Officials from the International Longshoremen’s Association, the largest union of maritime workers in North America, and the United States Maritime Alliance, an alliance of container carriers, direct employers, and port associations serving United States-based East and Gulf Coasts, recently reported progress is being made on negotiations for a new labor contract during meetings last week in Delray Beach, Florida.
As recently reported by LM, in recent months, the talks have ranged from amicable to contentious, which has led to shippers thinking about making contingency plans to move freight that typically arrives through East and Gulf Coast ports.
Both the National Retail Federation (NRF) and the Retail Industry Leaders Association (RILA) have expressed their concerns to the ILA and USMX over what a potential labor strike could do.
In a joint statement, the ILA and USMX announced agreements in principle on issues having to do with the introduction of new technology and automation and maintenance and repair of chassis within marine terminals and at off-pier facilities at the East and Gulf Coast ports.
“We had a productive session in Florida,” ILA president Harold J. Daggett and USMX chairman and CEO James A. Capo said in a joint statement. “We’re pleased that we were able to resolve some important issues and look forward to continuing bargaining to reach agreement on the remaining issues in the current negotiations. The East and Gulf Coasts ports are crucial to the health of the nation’s economy and we take seriously our responsibility to reach an agreement without any disruption in the supply chain and operation of the 14 ports.”
While the final outcome of these negotiations is incomplete, ILA officials noted in March that since 1977 ILA and USMX have successfully negotiated nine new Master Contracts without any disruption in operations, with the current contract in effect since 2004 and then subsequently extended for two years in 2010.
But concerns remain heightened, due to the ten-day 2002 longshore contract dispute on the West Coast, which some estimates indicate cost the U.S. economy several billion dollars per day and negatively impacted various key sectors within the economy.
A major sticking point in the negotiations between the ILA and USMX has to do with how the ILA has to negotiate all Master Contract issues with the ILA Wage Scale Committee, which the ILA’s Daggett said in a letter to USMX’ Capo is a democratically-elected committee that Capo has declined to address despite Daggett’s overtures to do so.

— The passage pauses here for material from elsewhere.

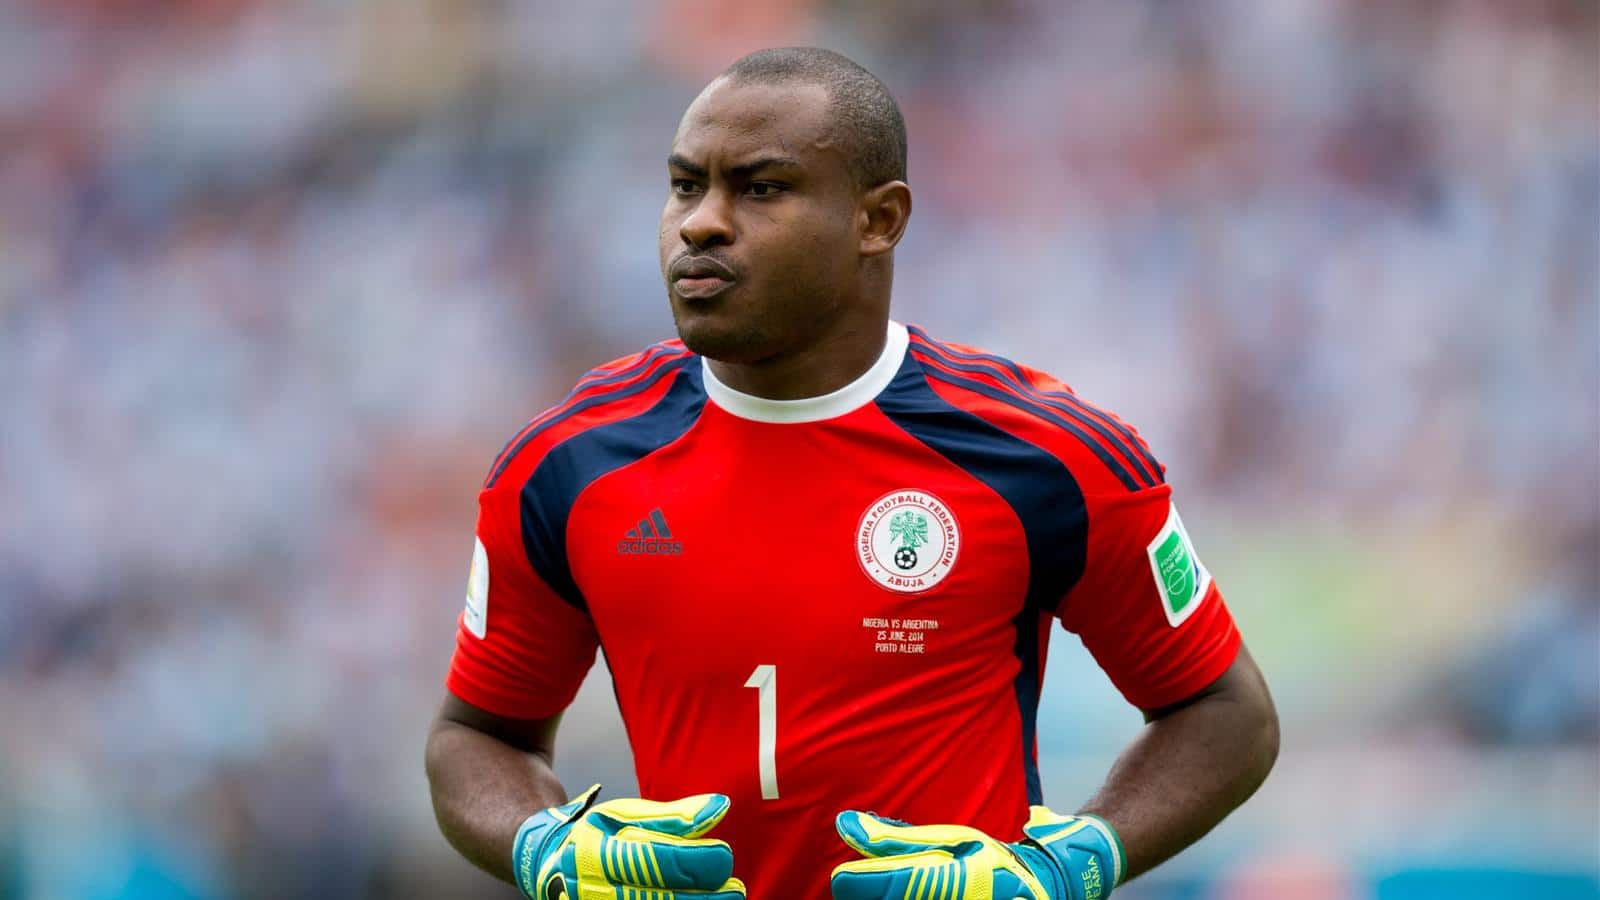 Enyeama reveals lack of interest in Super Eagles following forced exit

Another issue has to do with technology. USMX’ Capo maintains that the ILA is demanding that management guarantee a job for any worker even if new technologies eliminate a need for that position. Capo also noted that the current Collective Bargaining Agreement mandates that both sides negotiate over the impact new technology might have on the work force.
And Capo also explained that the possibility of chassis pool operators joining USMX and be bound to the Master Contract, as per the ILA’s request, would be “impossible” to achieve as the USMX cannot legally force pool operations to do so.
The ILA is also requesting that all import containers be weighed at the pier before being released to assure that ILA funds are not shortchanged monies and help to save lives as the ILA has lost 14 members in the last year due to workplace fatalities. While the ILA admitted this would reduce port productivity it stressed that productivity can never trump safety. USMX contends that weighing containers would create more unneeded work, add unnecessary expense and increase congestion at the ports.
A noted ocean cargo expert said how significant an impact a potential disruption will be depends on its duration but may not be as dire as it could be.
“There are also limits to contingency plans and mitigation,” said Paul Bingham, economics practice leader at CDM Smith. “At some point the cost of obtaining alternative transportation (i.e. West Coast or air freight) or stocking inventories outweighs the profits lost from just waiting out a disruption. Profits lost come from lost sales and depreciated product value (e.g. perishables.) Yet one needs to be careful to not over-value disruption impacts. The ships that are delayed in the case of a disruption aren’t sunk, they are diverted or delayed at sea, with most of those cargoes eventually getting to their intended recipients. There is also the working off of pent up demand after a port disruption where some of the intially-disrupted sales are made up, just with a lag.”
Bingham said that the costs of assuring import capacity on alternative routes, such as across the West Coast ports, or advance stocking of inventory can be thought of as disruption insurance premiums.
And Ted Prince, principal consultant at T. Prince and Associates LLC and a partner at Surface Intermodal Solutions, said that there is nothing preventing the ILA and USMX from reaching a deal.
“The question is if the ILA is really trying to make a statement here,” he said. “There has been so much talk about the death of organized labor politically and generically. This is a labor union with a very proud history.”